11th Swedish Mathematical Society Problems 1971

1.  Show that (1 + a + a²)² < 3(1 + a² + a⁴) for real a ≠ 1.

2.  An arbitrary number of lines divide the plane into regions. Show that the regions can be colored red and blue so that neighboring regions have different colors.

3.  A table is covered by 15 pieces of paper. Show that we can remove 7 pieces so that the remaining 8 cover at least 8/15 of the table.

4.  Find (65533³ + 65534³ + 65535³ + 65536³ + 65537³ + 65538³+ 65539³)/(32765·32766 + 32767·32768 + 32768·32769 + 32770·32771).

5.  Show that max_|x|≤t |1 - a cos x| ≥ tan²(t/2) for a positive and t ∈ (0, π/2).
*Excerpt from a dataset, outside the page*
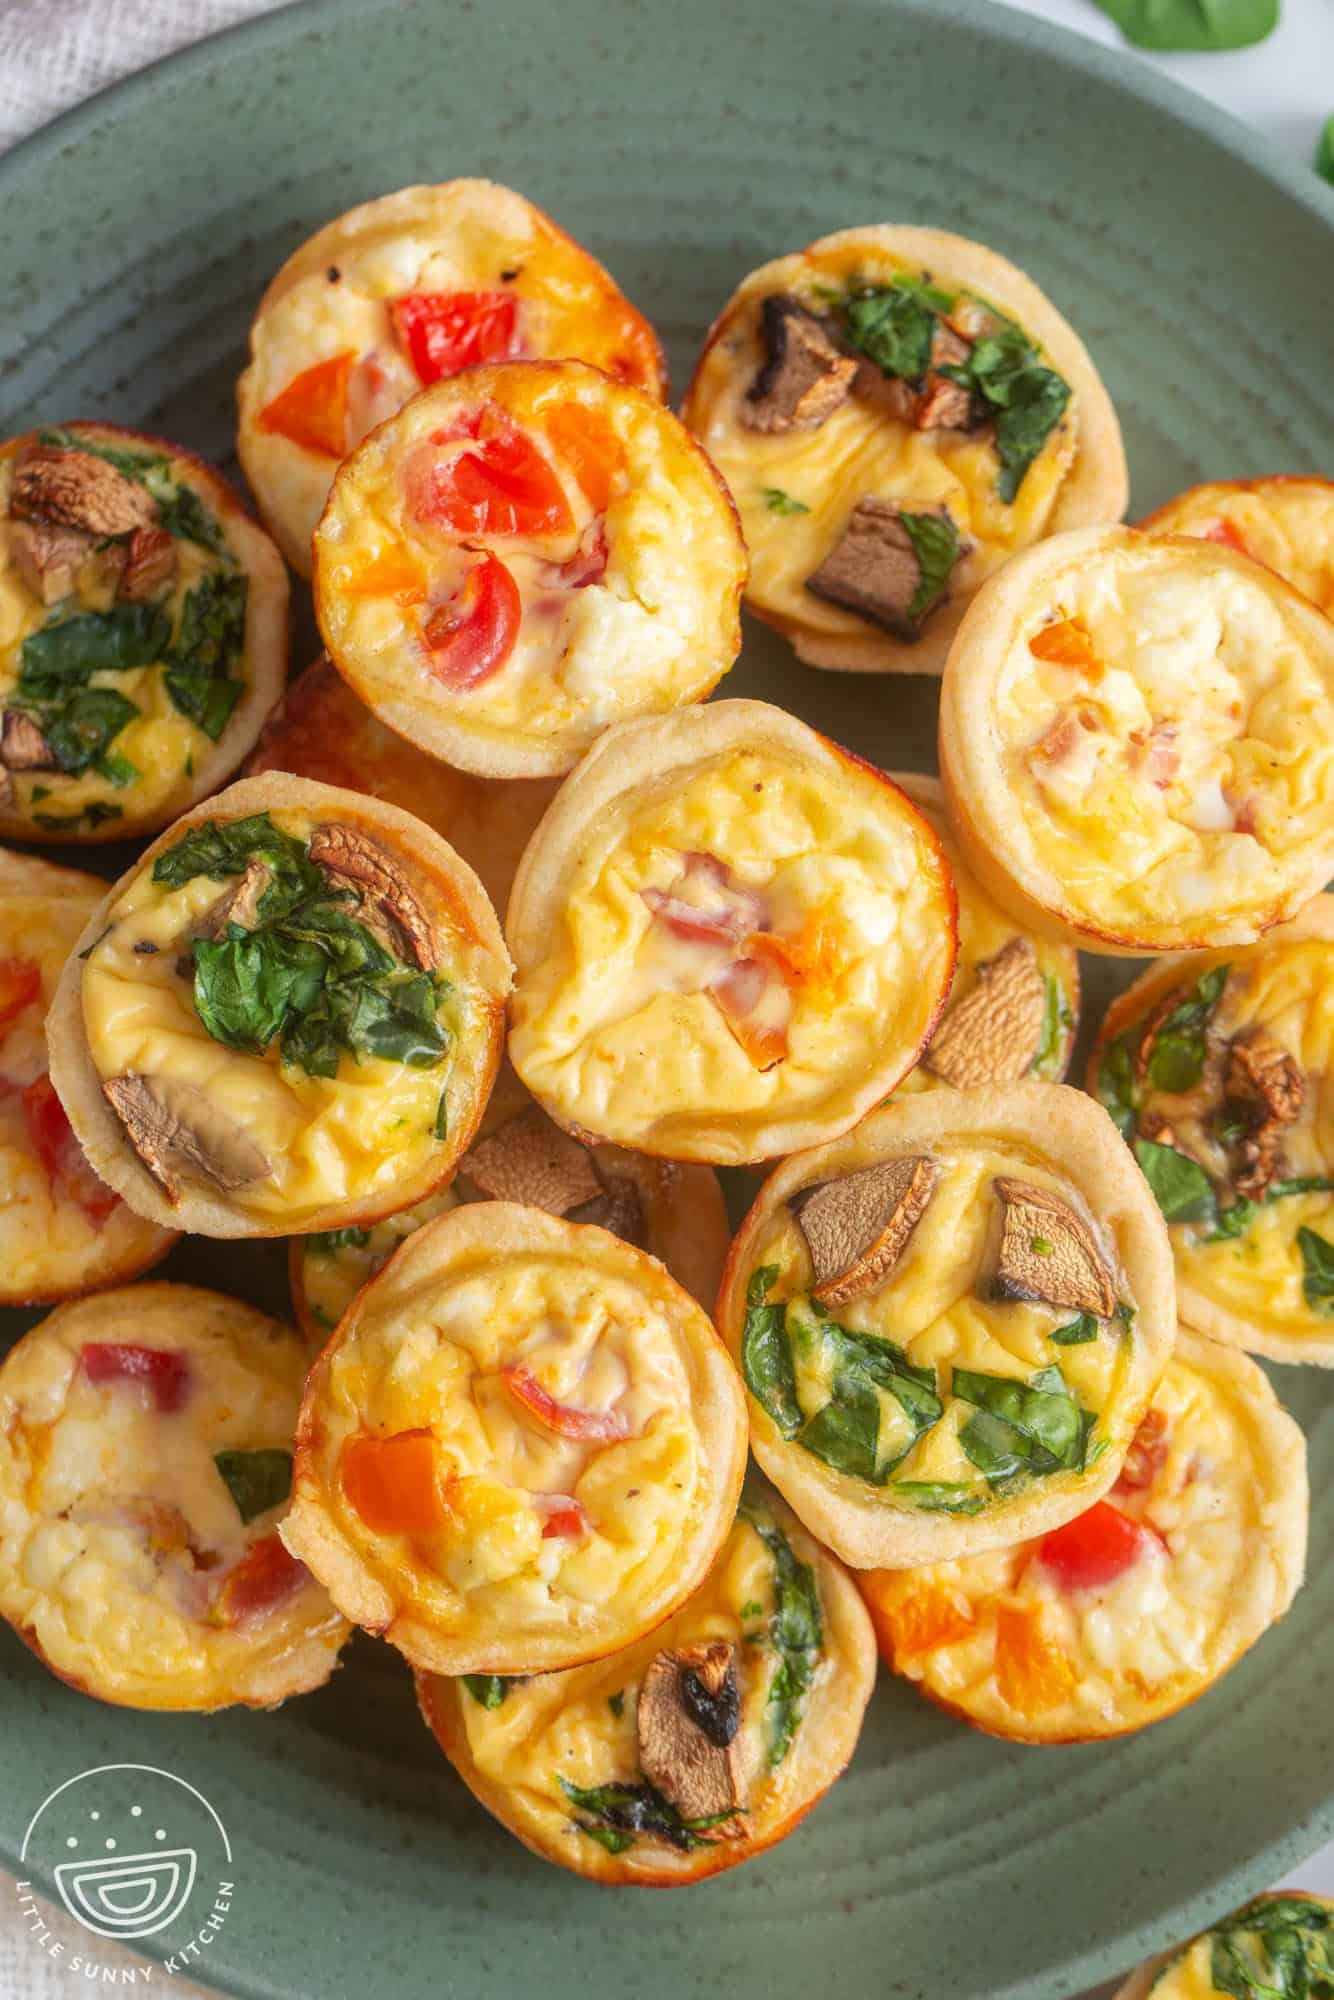 Mini quiche filled with veggies and cheese, stacked on a green plate, viewed from above.

6.  99 cards each have a label chosen from 1, 2, ... , 99, such that no (non-empty) subset of the cards has labels with total divisible by 100. Show that the labels must all be equal. 

Solutions

Problem 1

Show that (1 + a + a²)² < 3(1 + a² + a⁴) for real a ≠ 1.

Solution

We have a² + a + 1 = (a + 1/2)² + 3/4 > 0. So for a ≠ 1, we have 0 < (a - 1)²(a² + a + 1) = (a - 1)(a³ - 1) = a⁴ - a³ - a + 1. Hence 2(1 + a⁴) > 2a(1 + a²), so (1 + a + a²)² = 1 + 2a + 3a² + 2a³ + a⁴ < 3(1 + a² + a⁴). 

Problem 2

An arbitrary number of lines divide the plane into regions. Show that the regions can be colored red and blue so that neighboring regions have different colors.

Solution

Induction on the number of lines. Obvious for 1 line. Suppose true for n lines. Now add the n+1st line and change the color of every region on one side of the new line. 

Problem 4

Find (65533³ + 65534³ + 65535³ + 65536³ + 65537³ + 65538³+ 65539³)/(32765·32766 + 32767·32768 + 32768·32769 + 32770·32771).

Answer

7·2¹⁶

Solution

Put N = 65536 = 2¹⁶. Then numerator = (N-3)³ + (N-2)³ + (N-1)³ + N³ + (N+1)³ + (N+2)³ + (N+3)³ = ((N-3)³ + (N+3)³) + ((N-2)³ + (N+2)³) + ((N-1)³ + (N+1)³) + N³ = 2(N³ + 27N) + 2(N³ + 12N) + 2(N³ + 3N) + N³ = 7(N³ + 12N).

Put M = N/2 = 32768. Denominator = (M-3)(M-2) + (M-1)M + M(M+1) + (M+2)(M+3) = 4M² + 12 = N² + 12. Hence expr = 7N. 

Problem 6

99 cards each have a label chosen from 1, 2, ... , 99, such that no (non-empty) subset of the cards has labels with total divisible by 100. Show that the labels must all be equal.

Solution

Let the labels be a₁, a₂, ... , a₉₉. Use cyclic subscripts so a₁₀₀ means a₁, a₁₀₁ means a₂ etc. The 99 sums a_i, a_i + a_i+1, a_i + a_i+1 + a_i+2, ... , a_i + a_i+1 + ... + a_i+98 must all be non-zero mod 100 and all unequal (otherwise their difference would give a subset with zero sum mod 100). So one of them must equal -a_i-1 mod 100. If it is any but the last, then a_i-1 + a_i + ... + a_i+k gives a subset with sum 0 mod 100. So it must be the last. In other words a_i-1 = -(a_i + a_i+1 + ... + a_i+98). But this is independent of i because a_i + a_i+1 + ... + a_i+98 = a₁ + a₂ + ... + a₉₉. So a_i-1 are all equal mod 100 and hence are all equal.